Perilaku Temper Tantrum
Berdasarkan hasil penelitian di atas diketahui bahwa anak usia
prasekolah di TK Pertiwi yang mengalami perilaku temper tantrum tinggi sebanyak 3 anak (8,3%), perilaku temper tantrum sedang sebanyak 28 anak (77,7%), dan perilaku temper tantrum rendah sebanyak 5 anak (14%).
Menurut Riana Mashar (2011), Temper tantrum adalah suatu letupan
kemarahan anak yang sering terjadi pada saat anak menunjukkan sikap negativistik atau penolakan. Perilaku
ini sering diikuti dengan tingkah seperti menangis dengan keras,
berguling-guling dilantai, menjerit, melempar barang, memukul-mukul, menendang,
dan berbagai kegiatan.
Menurut Shaefer & Millman,
(dalam Hildayani, 2007) perilaku temper
tantrum yang ditunjukkan seorang anak dapat muncul dalam bentuk yang
bermacam-macam, diantaranya adalah perilaku berteriak, memecahkan benda-benda,
atau bergulingan di lantai. Beberapa anak bahkan dapat menyakiti diri sendiri
(memukul kepalanya) atau mencoba menyakiti siapapun yang datang mendekatinya.

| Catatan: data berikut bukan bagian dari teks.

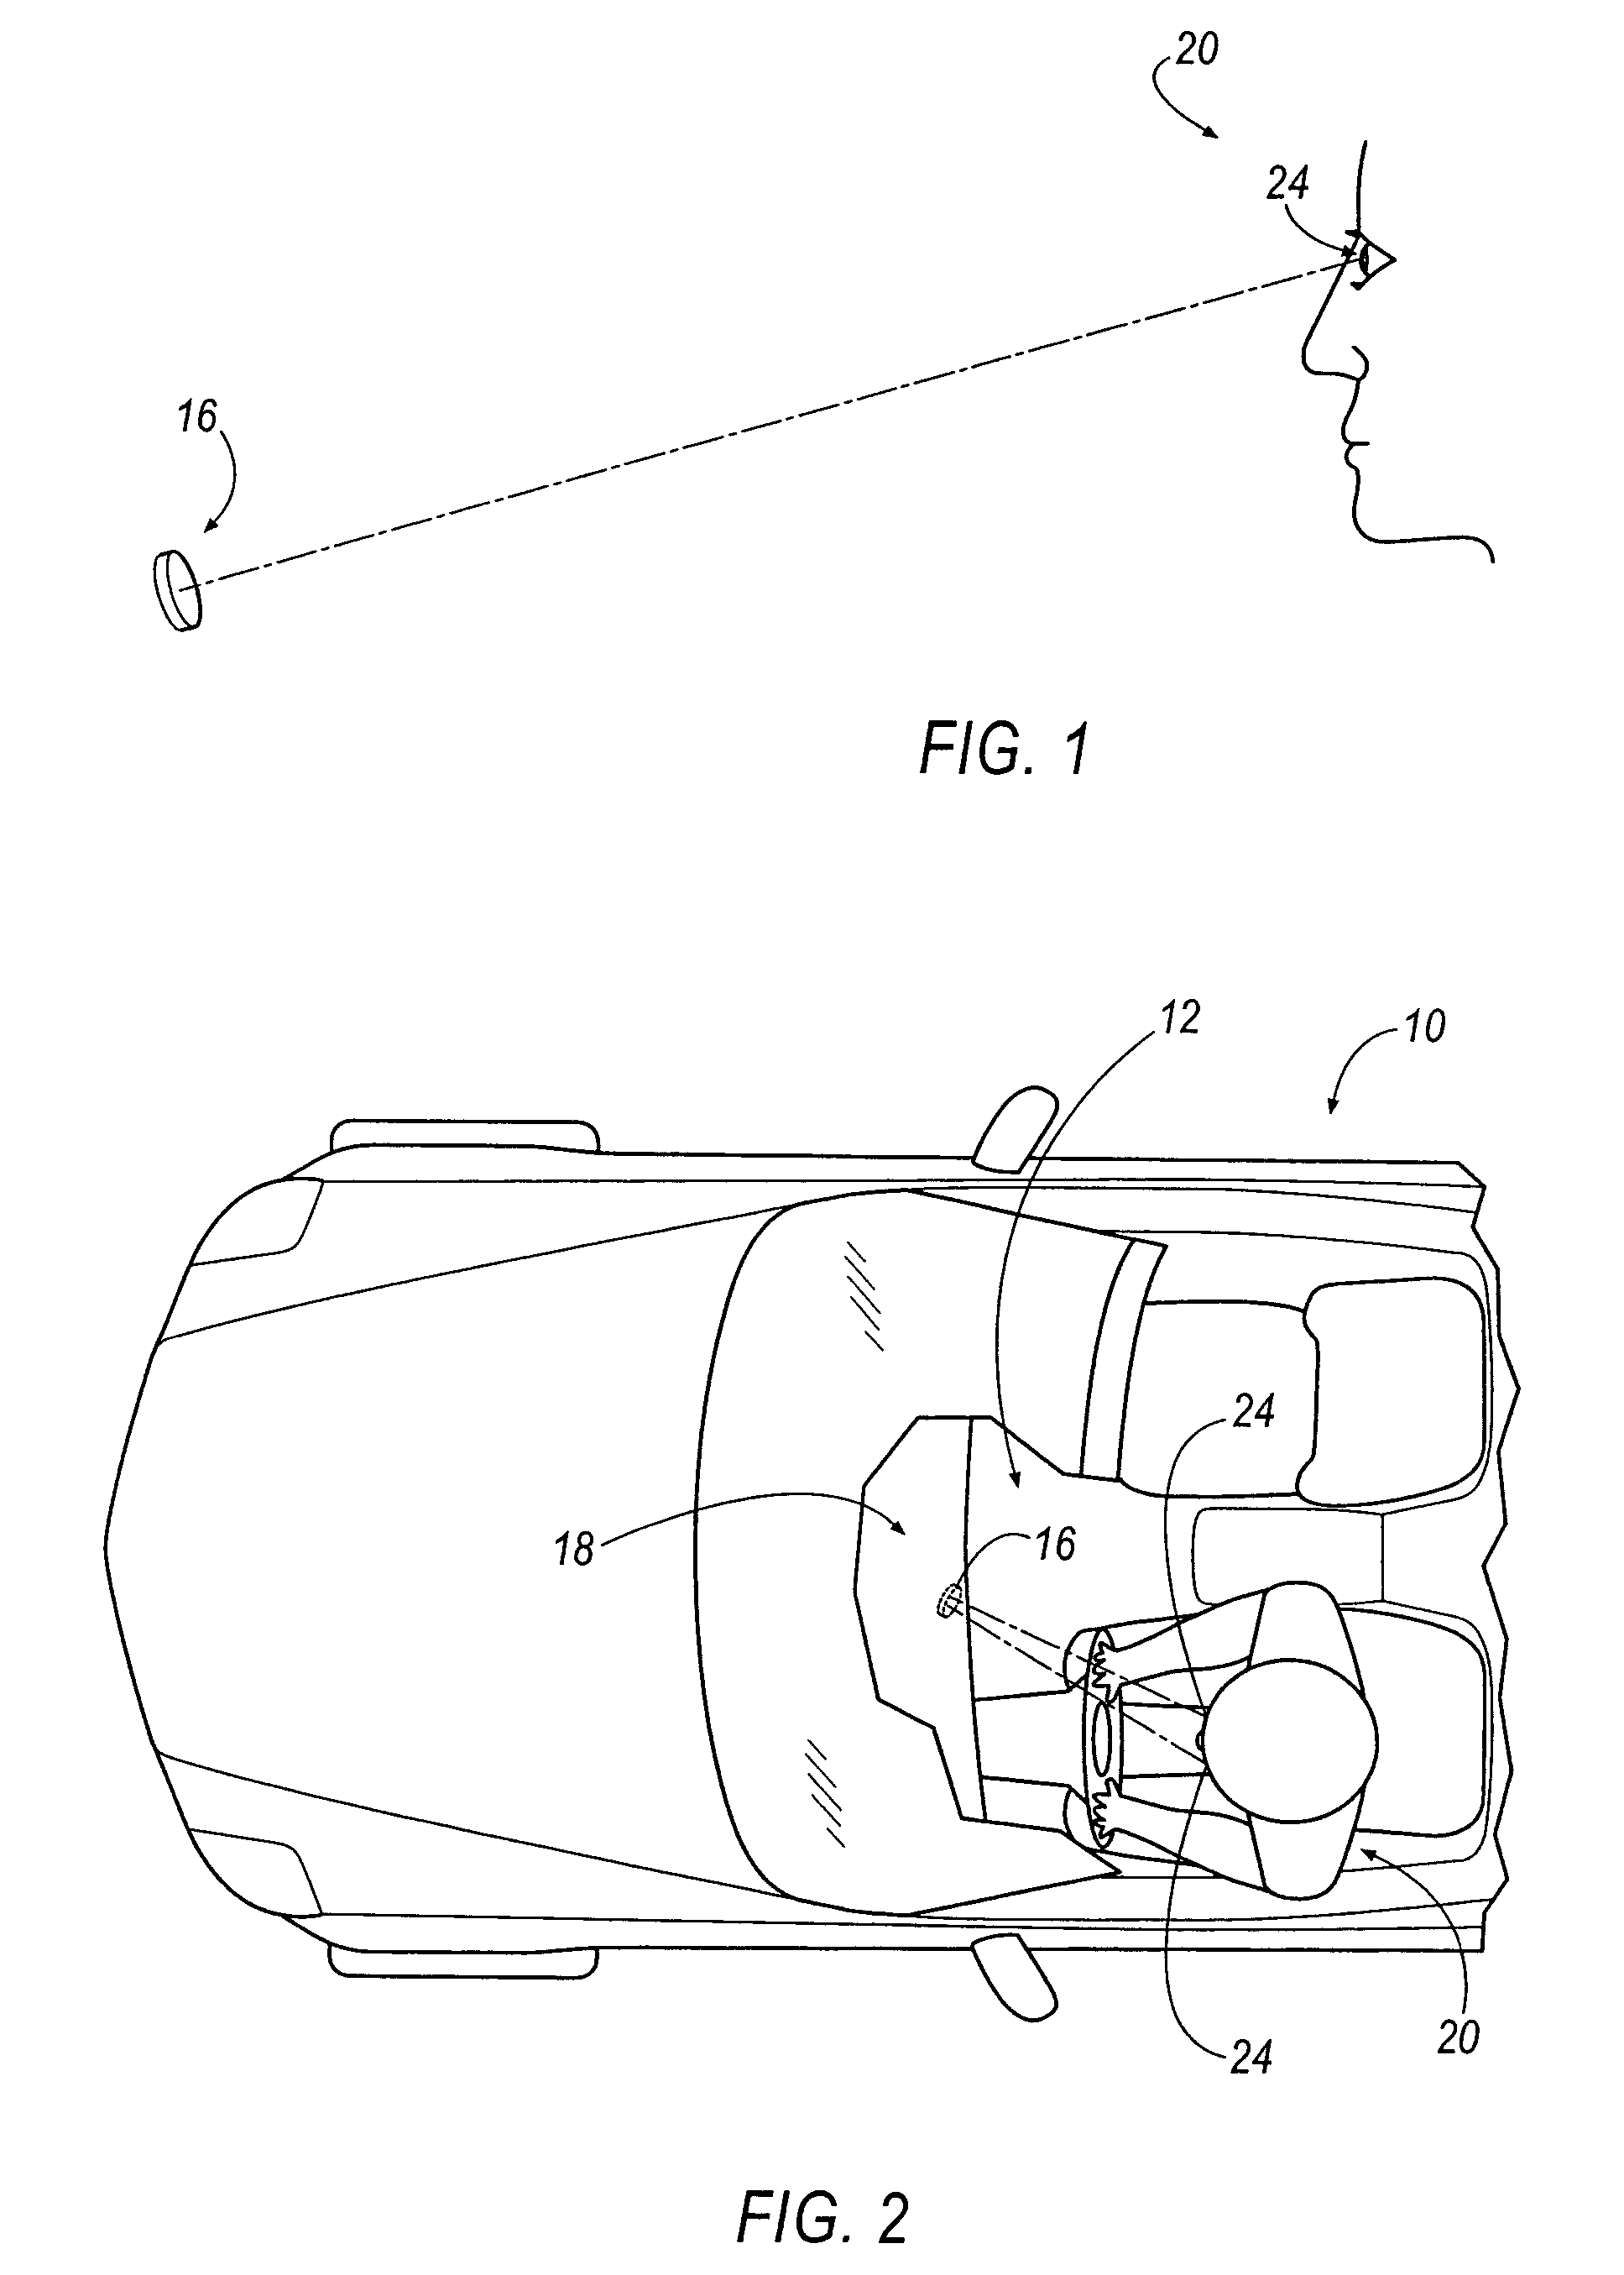 Method of mitigating driver distraction

Pada titik yang ekstrim seorang anak dapat menunjukkan perilaku temper tantrum
dengan menahan napas mereka selama beberapa saat.
Berdasarkan dari hasil
penelitian, rata-rata anak prasekolah di TK Pertiwi berperilaku temper tantrum sedang. Ibu mereka
menyatakan bahwa sebagian besar anak mereka merengek bila menginginkan sesuatu
dan merengek terus-menerus saat keinginannya tidak terpenuhi, anak mereka
rata-rata juga pernah menjerit-jerit saat sedang marah dan akan meminta pulang
jika ia bosan saat berada di tempat baru, serta memarahi teman yang merebut
mainannya.
Hal ini sesuai dengan pendapat
Riana Mashar (2011) bahwa Temper tantrum
adalah suatu letupan kemarahan anak yang sering terjadi pada saat anak
menunjukkan sikap negativistik atau
penolakan. Perilaku ini sering diikuti dengan tingkah seperti menangis dengan
keras, berguling-guling dilantai, menjerit, melempar barang, memukul-mukul,
menendang, dan berbagai kegiatan lainnya.
2.
Analisa Bivariat
a.
Hubungan
Kualitas Bounding Attachment Terhadap
Perilaku Temper Tantrum Pada Anak
Usia Prasekolah di TK Pertiwi
Hasil
penelitian menunjukkan bahwa dari 36 responden, anak usia prasekolah yang memiliki
kualitas bounding attachment baik dan berperilaku temper tantrum tinggi tidak ada (0%),
sedangkan yang berperilaku temper tantrum sedang sebanyak 4 anak (11%), dan yang berperilaku temper tantrum rendah sebanyak 3 anak (8,3%).
Hasil
penelitian dengan uji spearman rank
didapatkan hasil nilai signifikansi 0,023.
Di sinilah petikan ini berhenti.